El sonido se repite una y otra vez. Retumba en mi cabeza. Recuerdo haber leído que unos monjes budistas vivían en casas sostenidas sobre pilotes y debajo de la sala de meditación maullaban sin cesar los gatos. Los renunciantes no se estremecían con el fragor como esta cacofonía lo hace conmigo. Son los muecines electrónicos del momento histórico. La crispante monotonía, la necesaria monotonía del chirriante ruido.

       Pienso en la época y creo que está terminando, esta estridencia así lo indica. Alguien pulsa ese timbre aleatoriamente. Imagino la escena: una anciana eléctrica dirige su dedo huesudo hacia el botón amarillento según el indescifrable talante de su paranoica melodía urbana que ha condenado a los vecinos a no dormir durante semanas. 

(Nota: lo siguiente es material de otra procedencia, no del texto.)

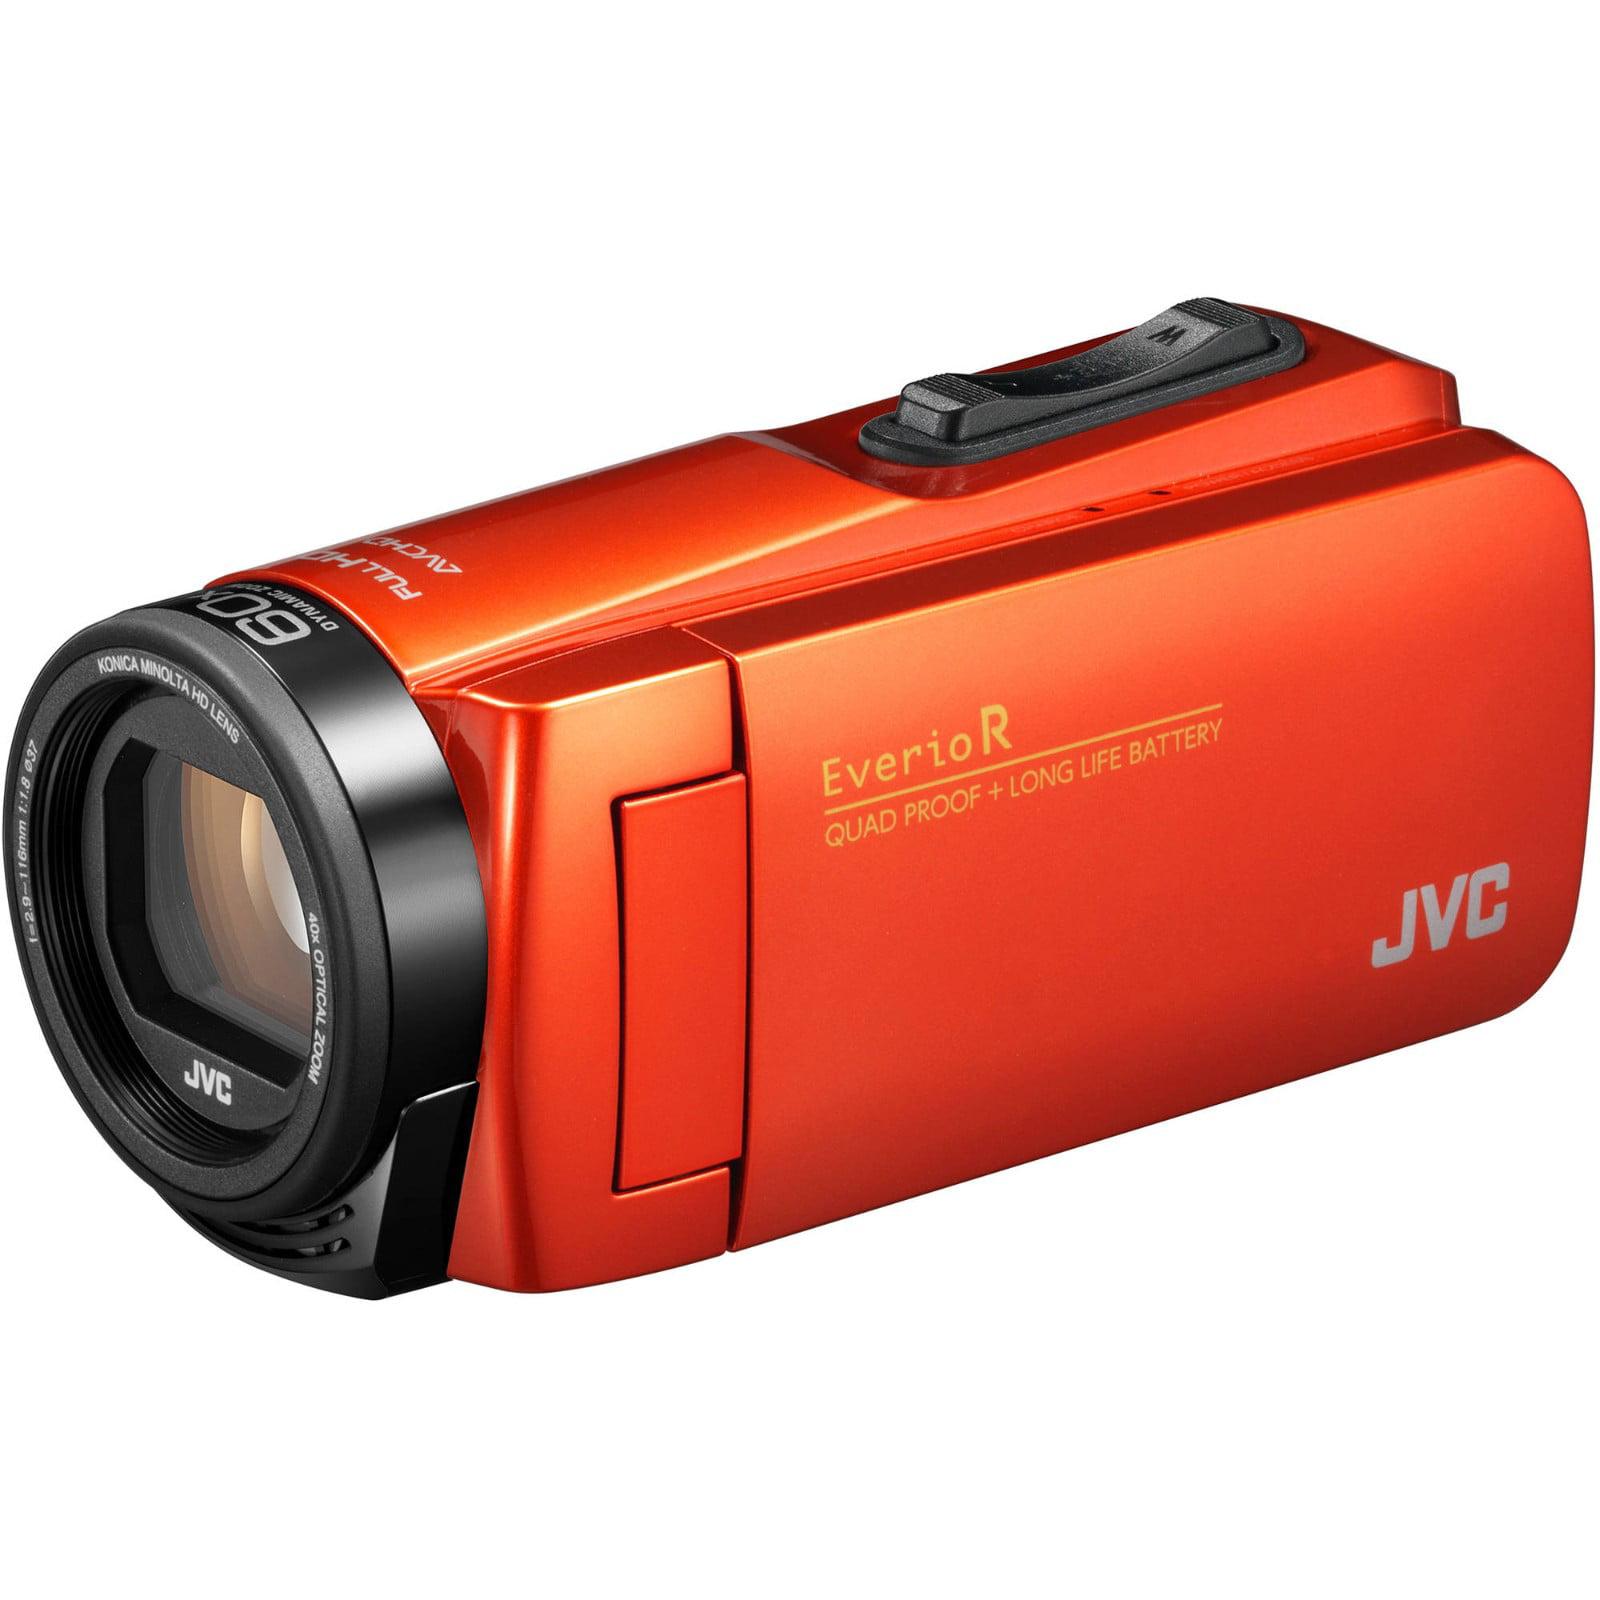 JVC Everio Quad Proof 1080p HD Video Camera Camcorder (Black)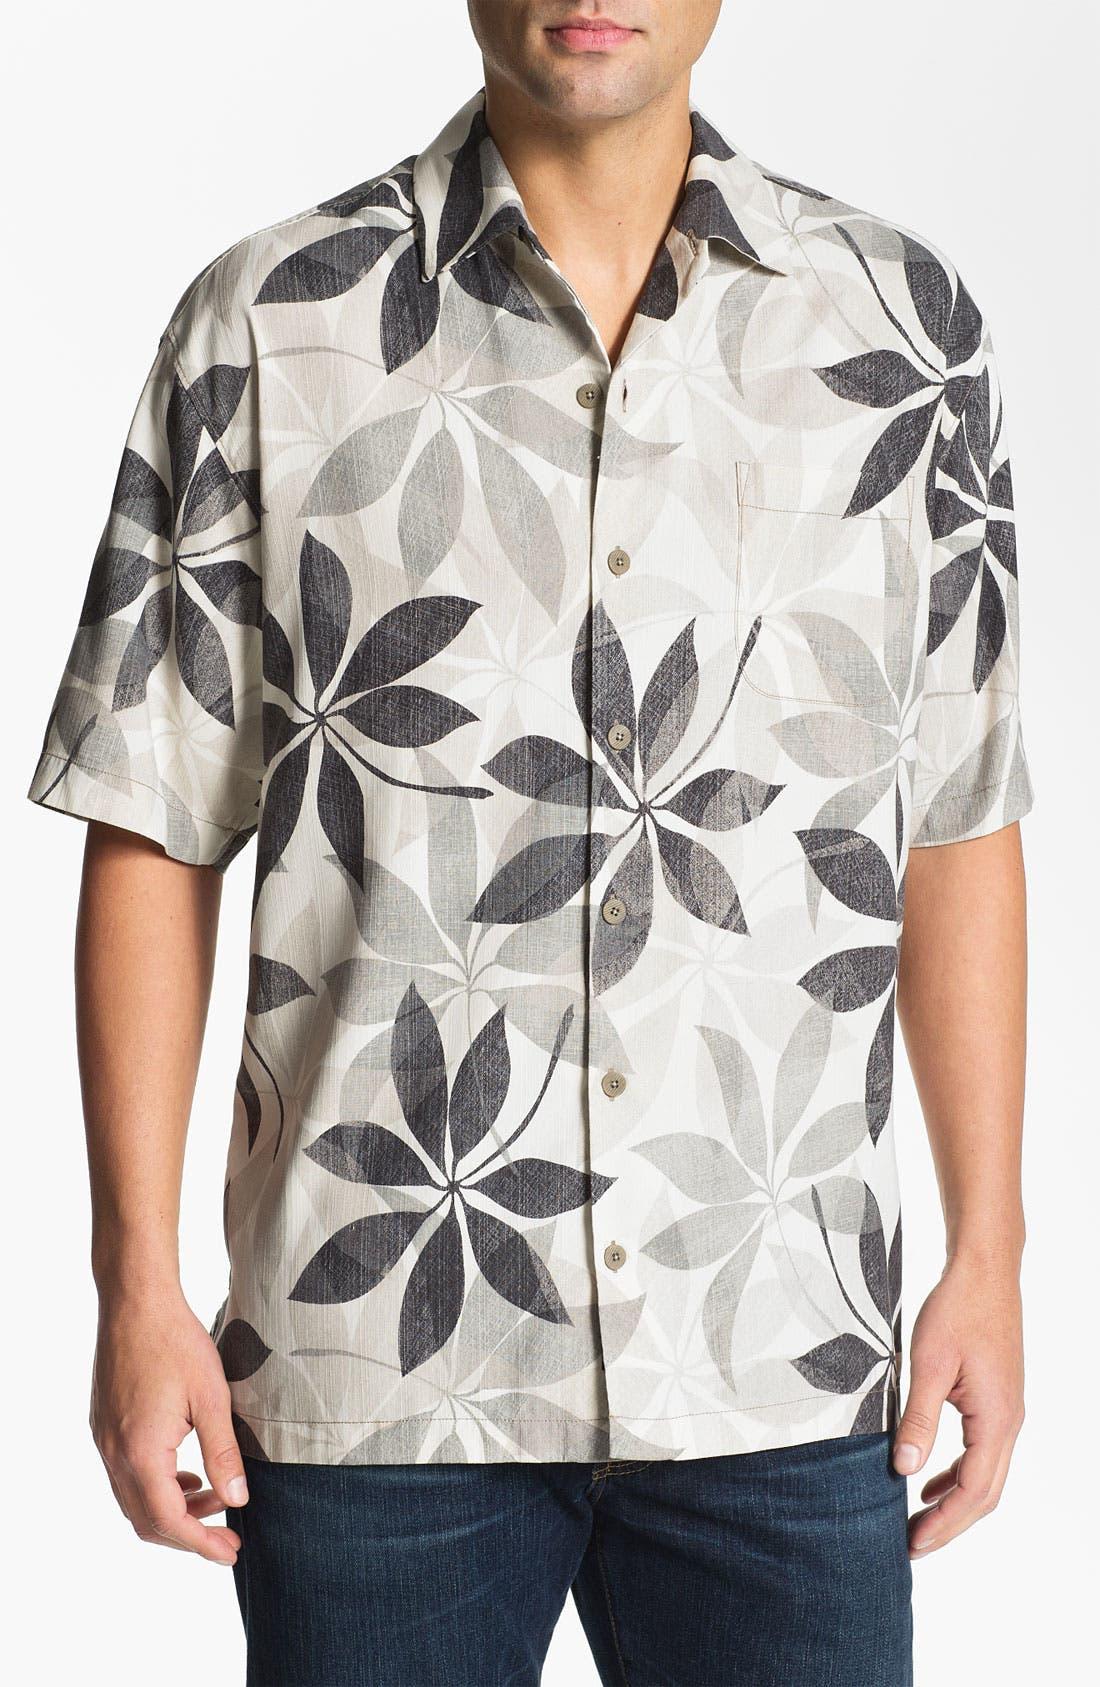 Alternate Image 1 Selected - Tommy Bahama 'Petal Paradise' Silk Campshirt

       Desde ayer extraño el estrépito del timbre, porque hoy surgió un zumbido electrónico que alguien dirige hacia la casa donde vive Nuestra Señora de la Chicharra para castigarla a ella y también a todos nosotros.

       El hacedor del flamante impacto debe ser joven, un criminal incontinente de alta tecnología que expande ondas, grecas, sierras aullantes que causan una profunda incomodidad. Mal estar. En esta esquina se mal está. Y en otras aledañas. El ruido retumba y pienso que el malogrado H. A. Murena gozaba de una condición lumínica cuando al escuchar los siempre idénticos cantos de un almuédano árabe definió la monotonía como nada más que el gesto externo de la fe, el gesto que ancla al artista en lo eterno y evita que sea arrastrado por la veleidad del tiempo.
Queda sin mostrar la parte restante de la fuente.